ImportError: No module named 'helper'

### helper.py

In [6]:
import math
def batches(batch_size, features, labels):
    """
    Create batches of features and labels
    :param batch_size: The batch size
    :param features: List of features
    :param labels: List of labels
    :return: Batches of (Features, Labels)
    """
    assert len(features) == len(labels)
    outout_batches = []
    
    sample_size = len(features)
    for start_i in range(0, sample_size, batch_size):
        end_i = start_i + batch_size
        batch = [features[start_i:end_i], labels[start_i:end_i]]
        outout_batches.append(batch)
        
    return outout_batches

# Epochs
An epoch is a single forward and backward pass of the whole dataset.
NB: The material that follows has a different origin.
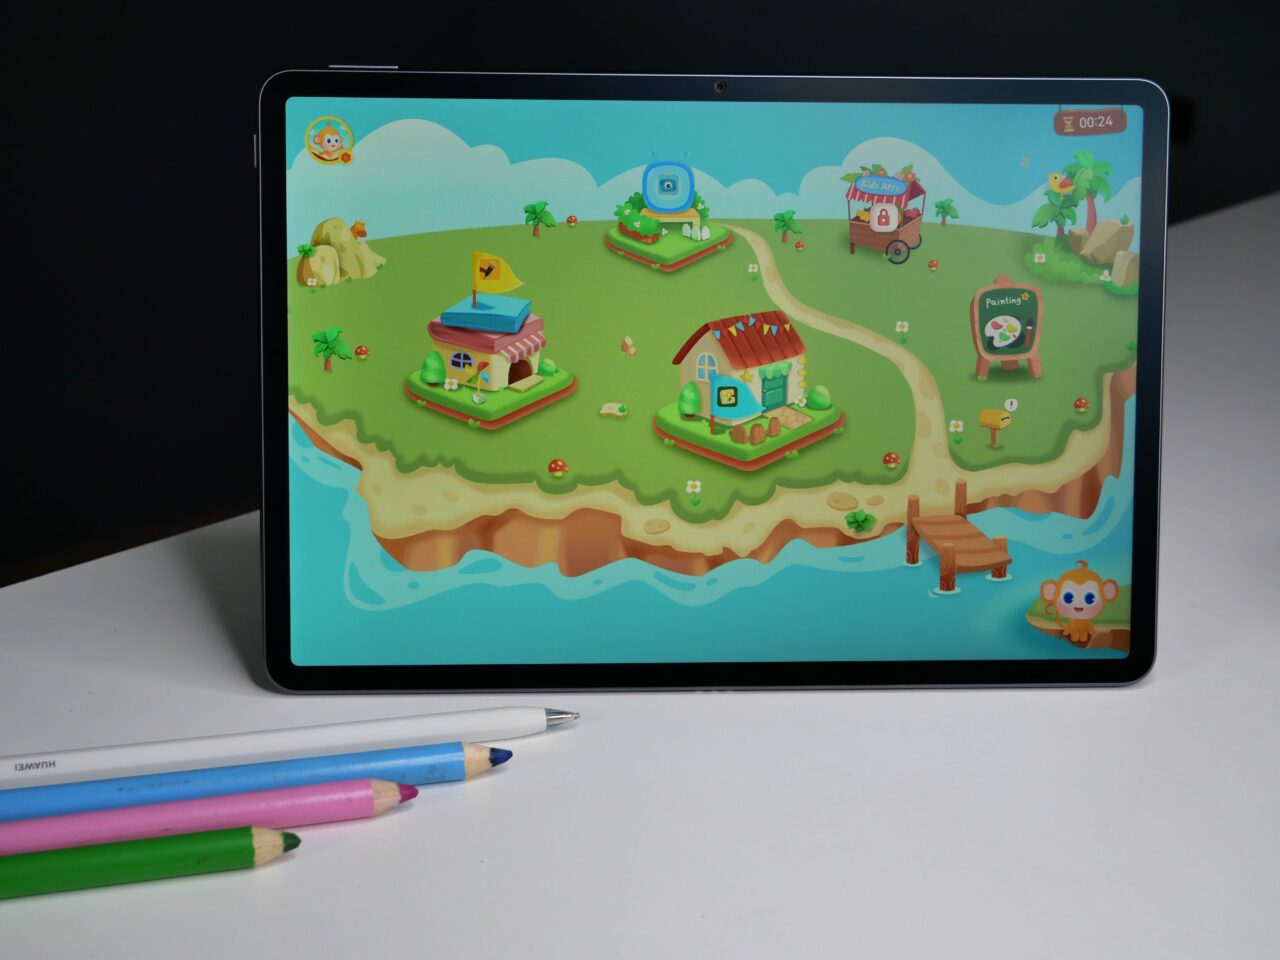 Tablet na białym stole z wyświetlonym kolorowym interfejsem gry edukacyjnej dla dzieci oraz leżące obok kolorowe kredki.

This is used to increase the accuracy of the model without requiring more data.

```python
from tensorflow.examples.tutorials.mnist import input_data
import tensorflow as tf
import numpy as np
from helper import batches  # Helper function created in Mini-batching section


def print_epoch_stats(epoch_i, sess, last_features, last_labels):
    """
    Print cost and validation accuracy of an epoch
    """
    current_cost = sess.run(
        cost,
        feed_dict={features: last_features, labels: last_labels})
    valid_accuracy = sess.run(
        accuracy,
        feed_dict={features: valid_features, labels: valid_labels})
    print('Epoch: {:<4} - Cost: {:<8.3} Valid Accuracy: {:<5.3}'.format(
        epoch_i,
        current_cost,
        valid_accuracy))

n_input = 784  # MNIST data input (img shape: 28*28)
n_classes = 10  # MNIST total classes (0-9 digits)

# Import MNIST data
mnist = input_data.read_data_sets('/datasets/ud730/mnist', one_hot=True)

# The features are already scaled and the data is shuffled
train_features = mnist.train.images
valid_features = mnist.validation.images
test_features = mnist.test.images

train_labels = mnist.train.labels.astype(np.float32)
valid_labels = mnist.validation.labels.astype(np.float32)
test_labels = mnist.test.labels.astype(np.float32)

# Features and Labels
features = tf.placeholder(tf.float32, [None, n_input])
labels = tf.placeholder(tf.float32, [None, n_classes])

# Weights & bias
weights = tf.Variable(tf.random_normal([n_input, n_classes]))
bias = tf.Variable(tf.random_normal([n_classes]))

# Logits - xW + b
logits = tf.add(tf.matmul(features, weights), bias)

# Define loss and optimizer
learning_rate = tf.placeholder(tf.float32)
cost = tf.reduce_mean(tf.nn.softmax_cross_entropy_with_logits(logits=logits, labels=labels))
optimizer = tf.train.GradientDescentOptimizer(learning_rate=learning_rate).minimize(cost)

# Calculate accuracy
correct_prediction = tf.equal(tf.argmax(logits, 1), tf.argmax(labels, 1))
accuracy = tf.reduce_mean(tf.cast(correct_prediction, tf.float32))

init = tf.global_variables_initializer()

batch_size = 128
epochs = 10
learn_rate = 0.001

train_batches = batches(batch_size, train_features, train_labels)

with tf.Session() as sess:
    sess.run(init)

    # Training cycle
    for epoch_i in range(epochs):

        # Loop over all batches
        for batch_features, batch_labels in train_batches:
            train_feed_dict = {
                features: batch_features,
                labels: batch_labels,
                learning_rate: learn_rate}
            sess.run(optimizer, feed_dict=train_feed_dict)

        # Print cost and validation accuracy of an epoch
        print_epoch_stats(epoch_i, sess, batch_features, batch_labels)

    # Calculate accuracy for test dataset
    test_accuracy = sess.run(
        accuracy,
        feed_dict={features: test_features, labels: test_labels})

print('Test Accuracy: {}'.format(test_accuracy))
```

The accuracy only reached 0.86, but that could be because the learning rate was too high. Lowering the learning rate would require more epochs, but could ultimately achieve better accuracy.